The Lewes Divide

On the 9th of November Lewes for a Living Wage arranged a screening of I, Daniel Blake at the Depot, followed by a panel discussion. The event was sold out and most people stayed and took part in the discussion. Dino Bishop introduced the event on behalf of the Depot, which is a Living Wage employer.

The panel was:
Claire Duc Secretary, Lewes Chamber of Commerce
Nikki Plummer Business manager, East Sussex Credit Union
Linda Lamont Lewes for a Living Wage (chair)
Debbie Twitchen Manager, Landport Food Bank and Chair of Tenants of Lewes District
Jonathan Spencer CEO, Bevern Trust, a Living Wage employer
Jane Perry Professional researcher and member of Trinity Churches.

The film itself is both moving and factual, with scenes typical of what is happening to people here in Lewes. People are wrongly refused benefits when unwell, and payments can be withdrawn if exacting conditions are not met. Most appeals on Employment Support Allowance succeed but the process puts desperate people off.
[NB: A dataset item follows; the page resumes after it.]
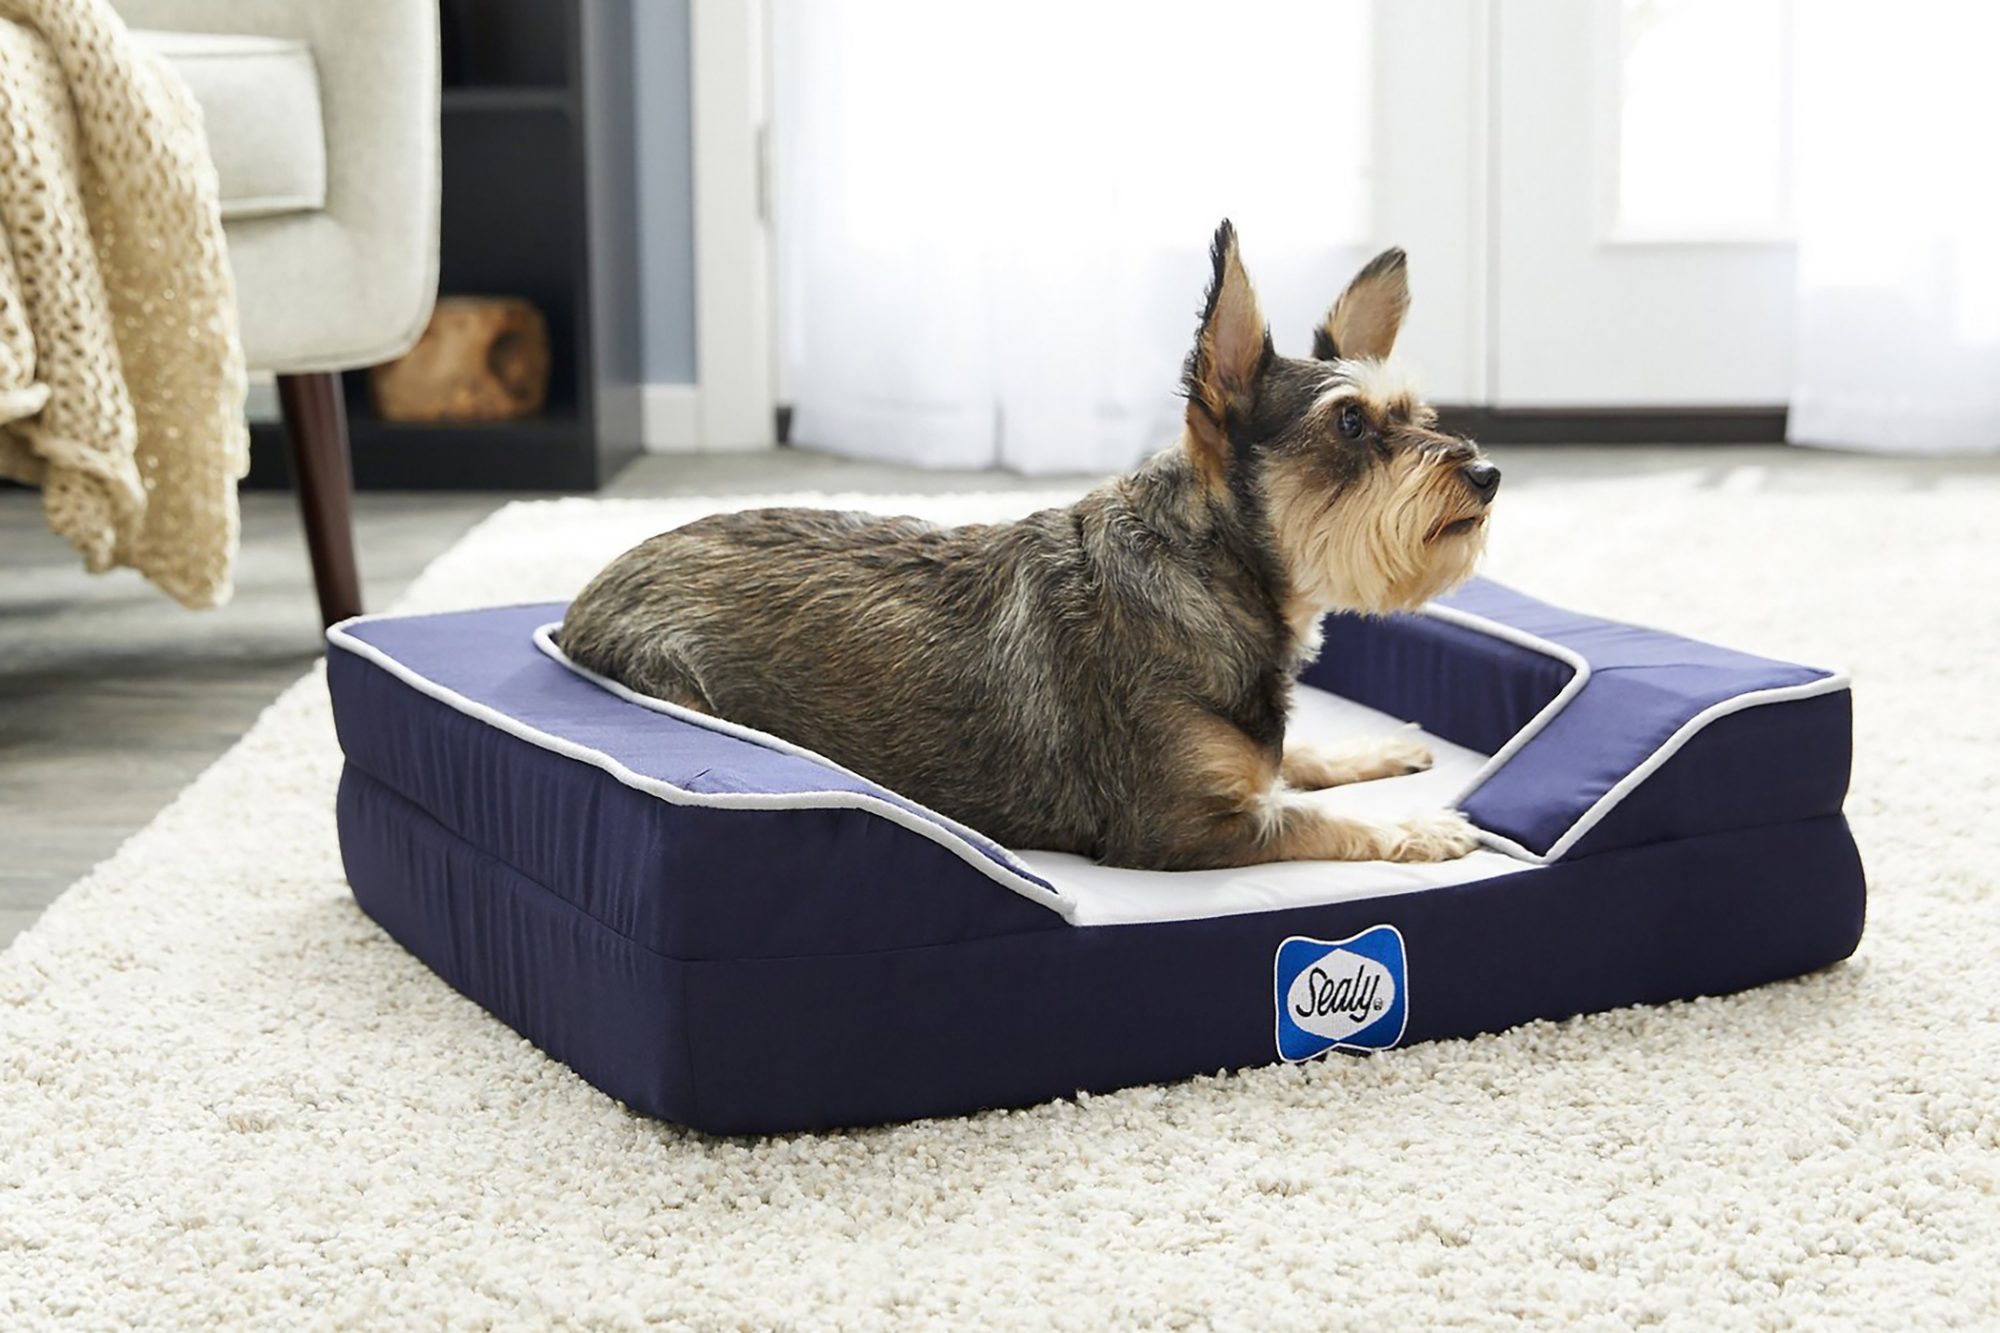 Dog Cooling Mat: How Does It Work?
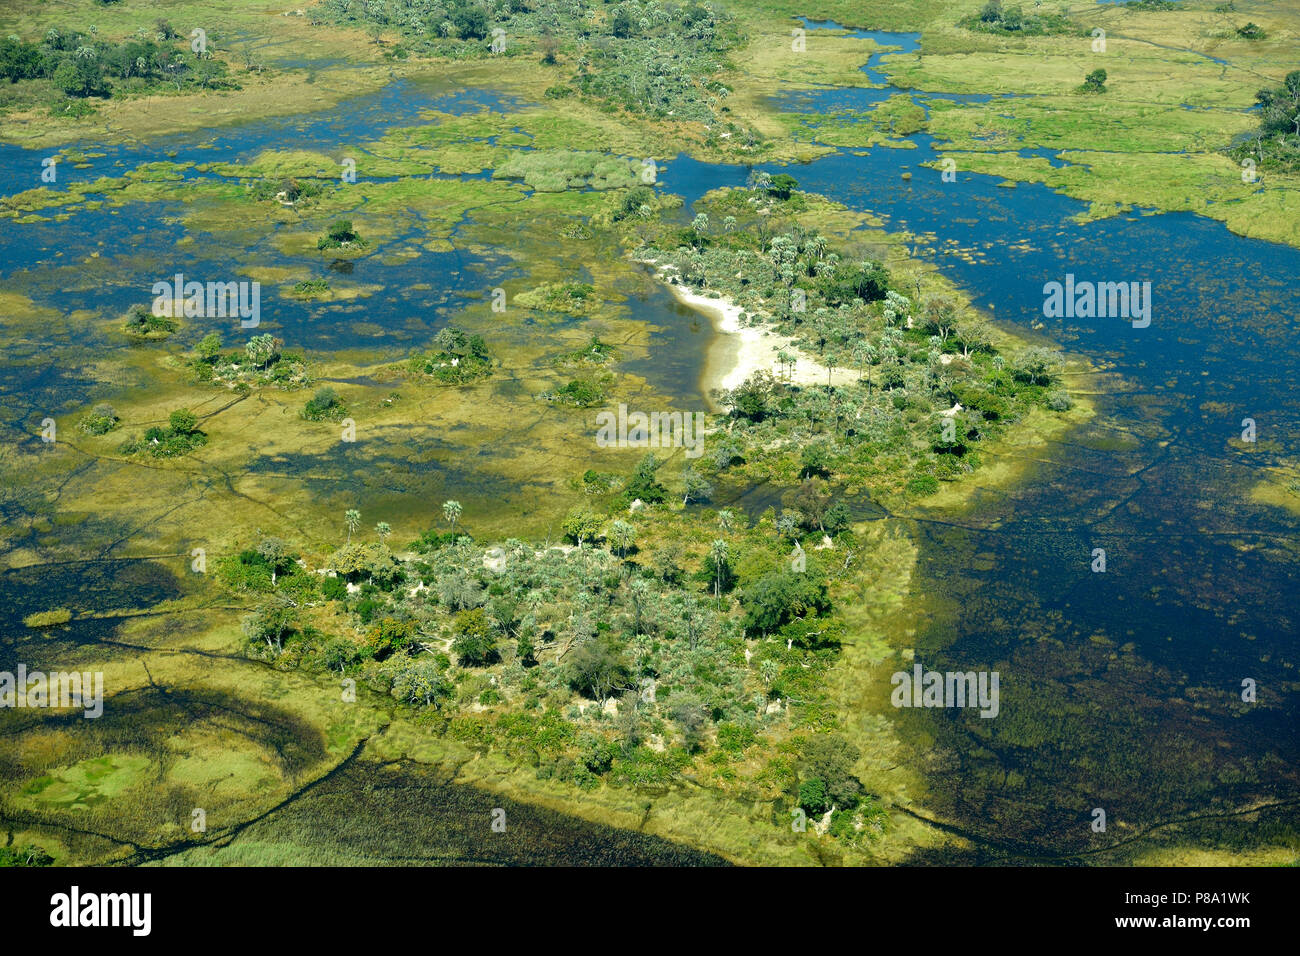 Wetlands, freshwater marshland with canals and islands, aerial view, Okavango Delta, Moremi Game Reserve, Botswana Stock Photo

For example in the film a young woman is so hungry after making sure that her children do not go without that she tries to open a can of baked beans to eat them raw at the food bank. Her daughter is teased at school because her shoes have fallen apart.

Lewes for a Living Wage launched its well-researched leaflet about poverty in Lewes, and the film and discussion have brought awareness to a different level. In some areas 25% of families with children face income poverty – but households in difficulty are spread all over Lewes often in private rented accommodation, their situation like those in the film but usually invisible to neighbours. Our three food banks help nearly 200 people every week.

In some ways it is worse to be poor in Lewes than in other areas, as many shops, including charity shops, are so expensive – the Lewes Divide is felt very strongly by those on the wrong side of it.

Nikki Plummer said: "The film was so lifelike and realistic that it is scary, because we see it every day. People feel dehumanised, they lose their pride. There are now homeless people living on the streets in Lewes, which was scarcely seen before – it is the signal of a crisis."

Jane Perry said "The people going hungry are not "them" – they are our neighbours and citizens of our town and of our country. We can each respond by saying this is not good enough – and we will not go away after this event and remain unchanged. We can campaign, for example via End Hunger UK, and we can act in practical ways locally."

Many people including our audience want to do more to reduce poverty and its effects. We need action – our leaflet The Lewes Divide has a list of things to do and contacts.

Businesses are responding to the Living Wage: in Living Wage week, we can announce that Marston Barrett jewellers has signed up to pay the real Living Wage of £8.75 per hour, joining over 20 in the Lewes area.